Any suggestions on a playpen that is easy to travel with yet large enough that he doesn't feel closed in or crated? I'm looking to spend a max of $45.

Thanks!


----------



## bellaratamaltese (May 24, 2006)

maybe get one of these type?
Amazon.com: Best Pet Folding Play Pen - M - Burgundy: Kitchen & Dining

I know a lot of sm members have them and like them! I'm thinking I need to get myself one


----------



## Lacie's Mom (Oct 11, 2006)

Cory -- I have the small size of the one that Stacy posted (in pink). I use it when we travel to put pee pee pads in and have the girls do their potty. 

I think the medium would work well for Bibu and give him a little extra room. Very lightweight and easy to fold and take with.


----------



## Lacie's Mom (Oct 11, 2006)

Cory -- I have the small size of the one that Stacy posted (in pink). I use it when we travel to put pee pee pads in and have the girls do their potty. 
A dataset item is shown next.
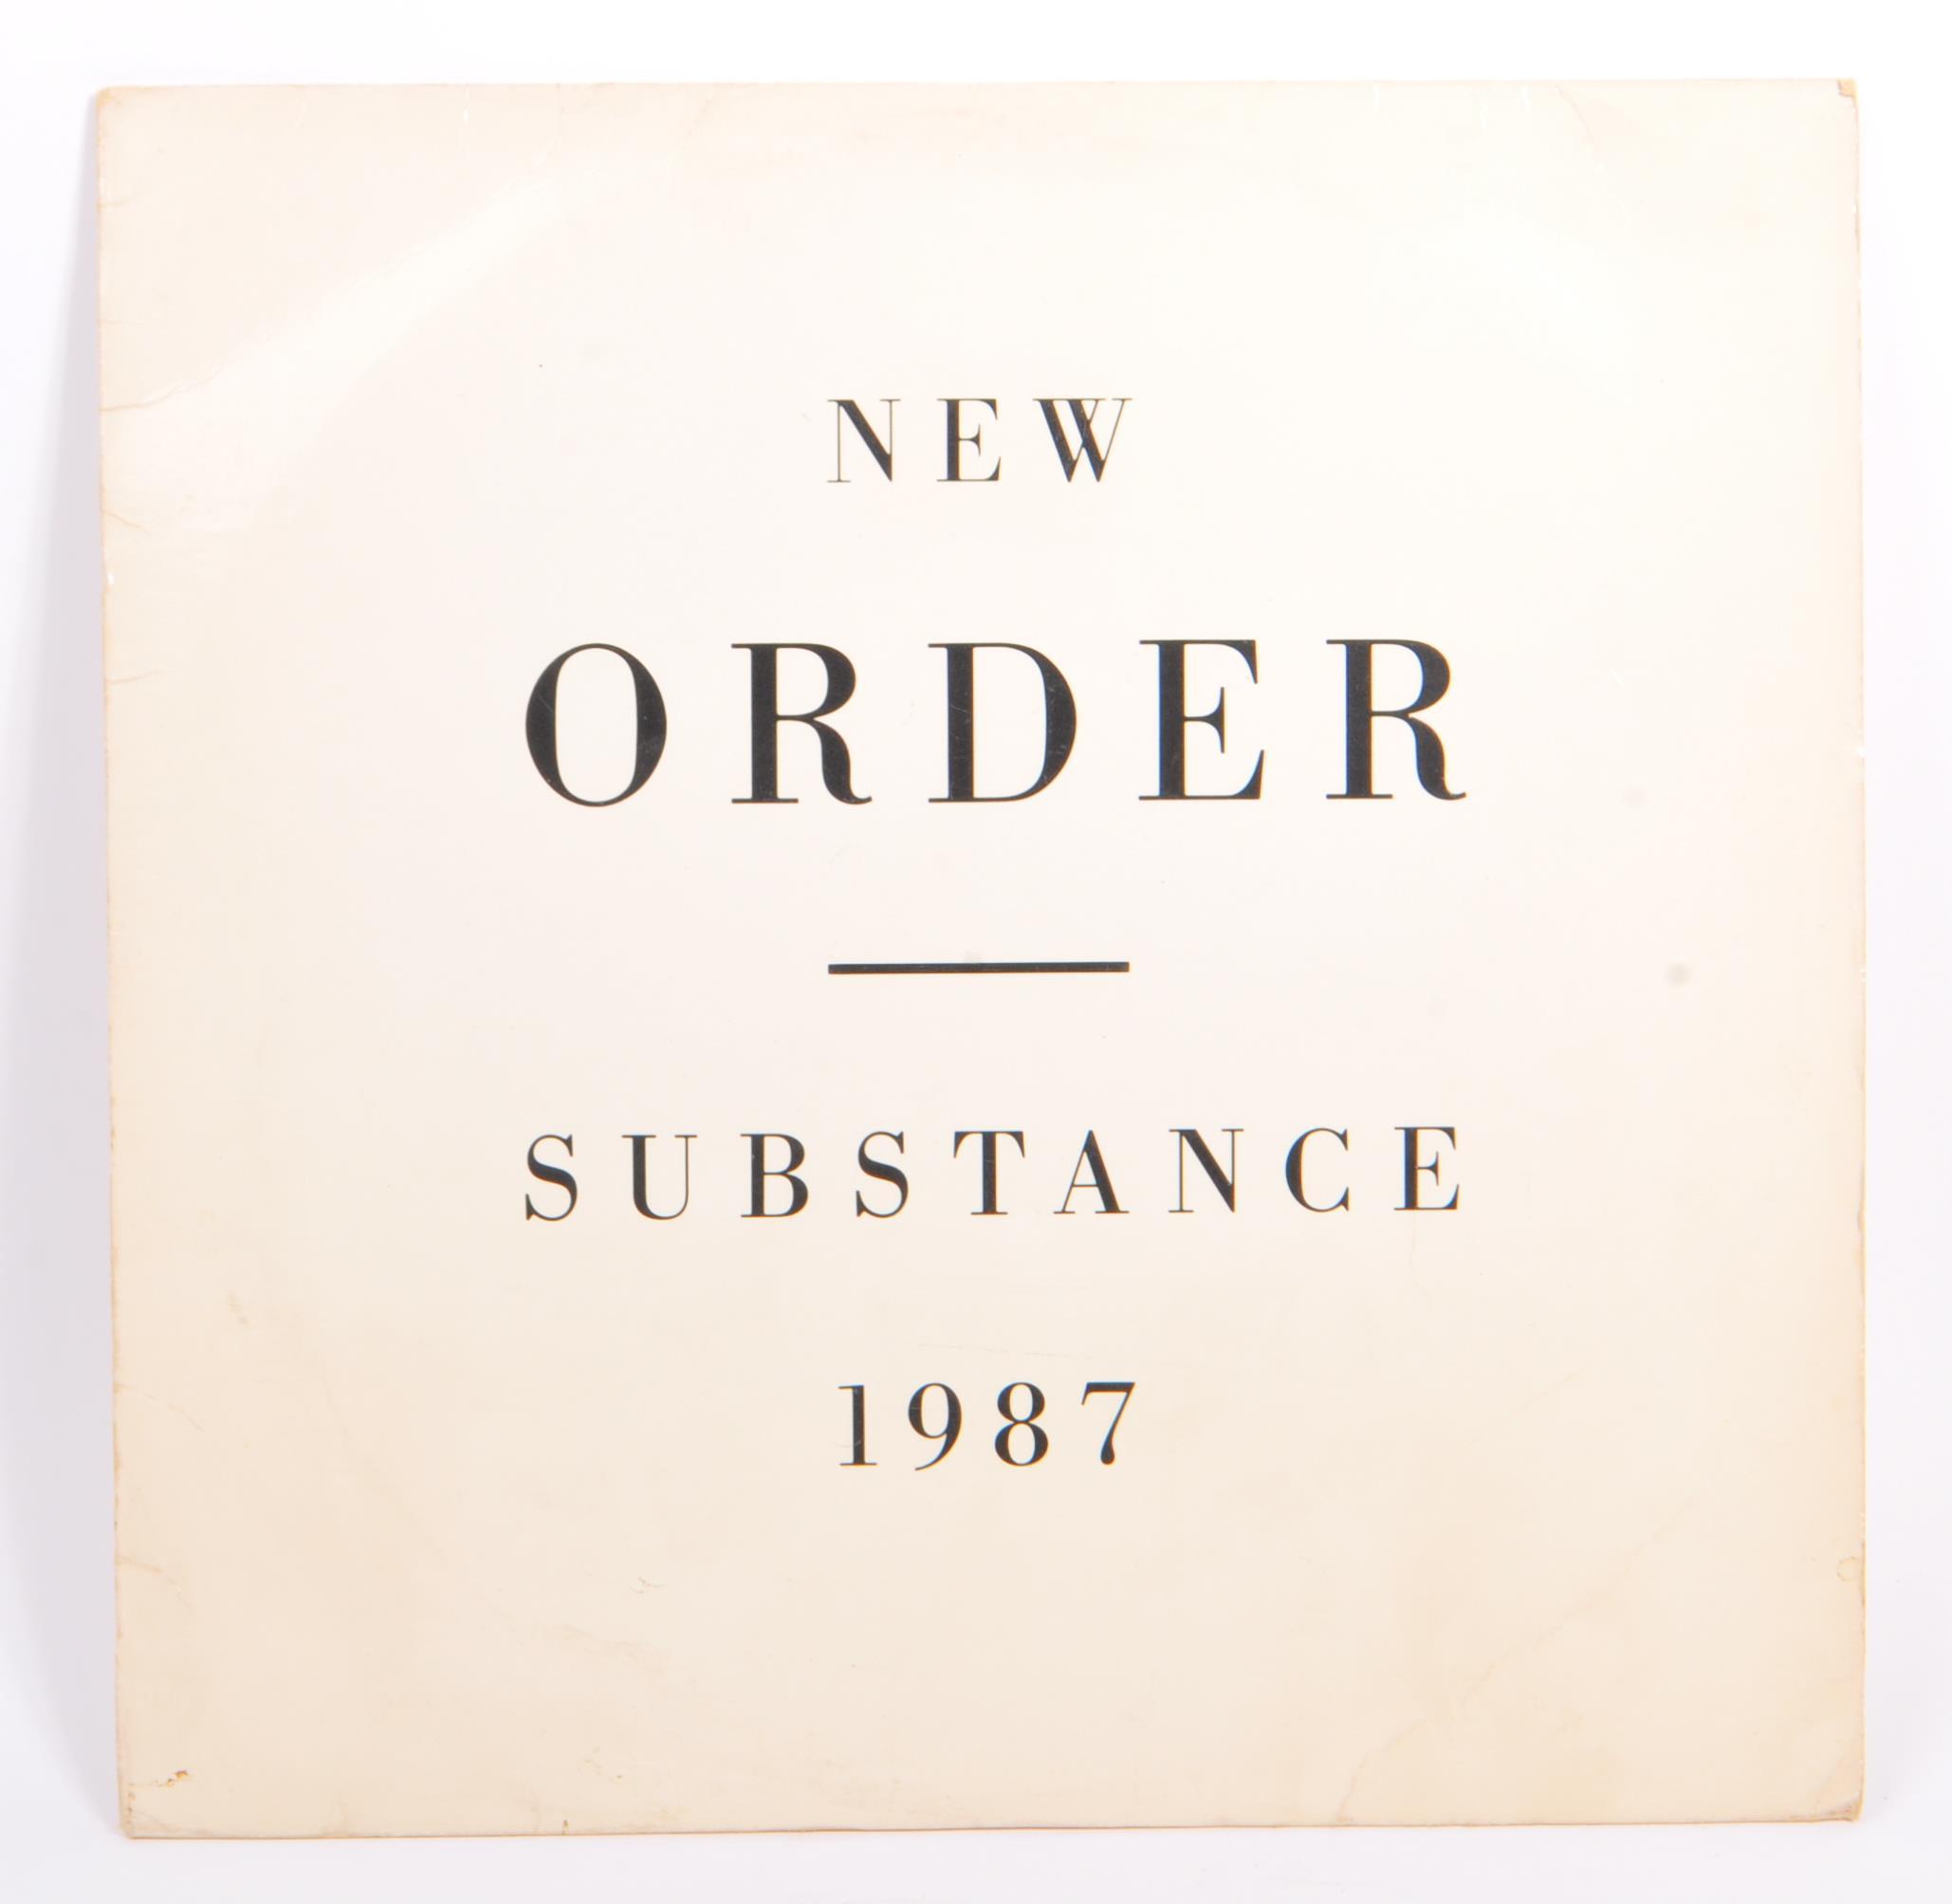 1987 NEW ORDER SUBSTANCE DOUBLE RECORD VINYL SET

I think the medium would work well for Bibu and give him a little extra room. Very lightweight and easy to fold and take with.


----------



## Bibu (Jun 3, 2010)

I think I'm going to go with this one. It seems really convenient and portable. 
Oooh...I like that they have it in Zebra and Leopard patterns! Now I'm undecided! 
What do you think, Leopard or Zebra??


----------



## LJSquishy (Feb 27, 2008)

I think the leopard goes better with the tan parts of the pen. The zebra looks a little non-matching. I like zebra print better in general but I think the leopard looks better as an accent on the pen.


----------



## MaryH (Mar 7, 2006)

I have two of the leopard print ones and love them, especially when staying in hotel rooms where I'd rather not let puppies walk on carpet that has been treated with who knows what! Be warned ... I ordered this pen three separate times from Amazon, once in leopard and twice in zebra. All three times I got the leopard print one. The first one was for me and I got what I ordered, the second was a gift, I ordered zebra but was okay with leopard so didn't contact Amazon. The third was for me, too, I really wanted zebra but again got leopard. This time I did contact the company through Amazon, they offered to replace it and send me a shipping label to return the one sent in error OR I could keep it and they would give me a $10 credit on my charge card. I took the $10 credit which they did process immediately. One of these days I might try ordering a zebra one again ...


----------



## poochie2 (Jan 14, 2010)

Bellaratamaltese had an excellent suggestion. I think that mesh pen is perfect and would be much more suitable than a baby playpen. I am going to get one myself .


----------



## revakb2 (Sep 8, 2006)

I have the leopard print one, and it is good, but if you have a puppy that gets stressed easily or is super active, they can collapse the pen. Cassie has done this a couple of times. I don't believe it can hurt them as the pen is very light. Definitely get your pup used to it before you leave him in a strange place. I periodically take the pen out and have the dogs hang out in it so they will feel comfortable with it. That is a very good price on Amazon. I payed double that at a dog show.


----------



## Hunter's Mom (Dec 8, 2008)

I prefer a traditional xpen to this style of pen as its easier cleaned. But, if you want don't want your pup touching the floor then you do need to go with something like this type of pen.


----------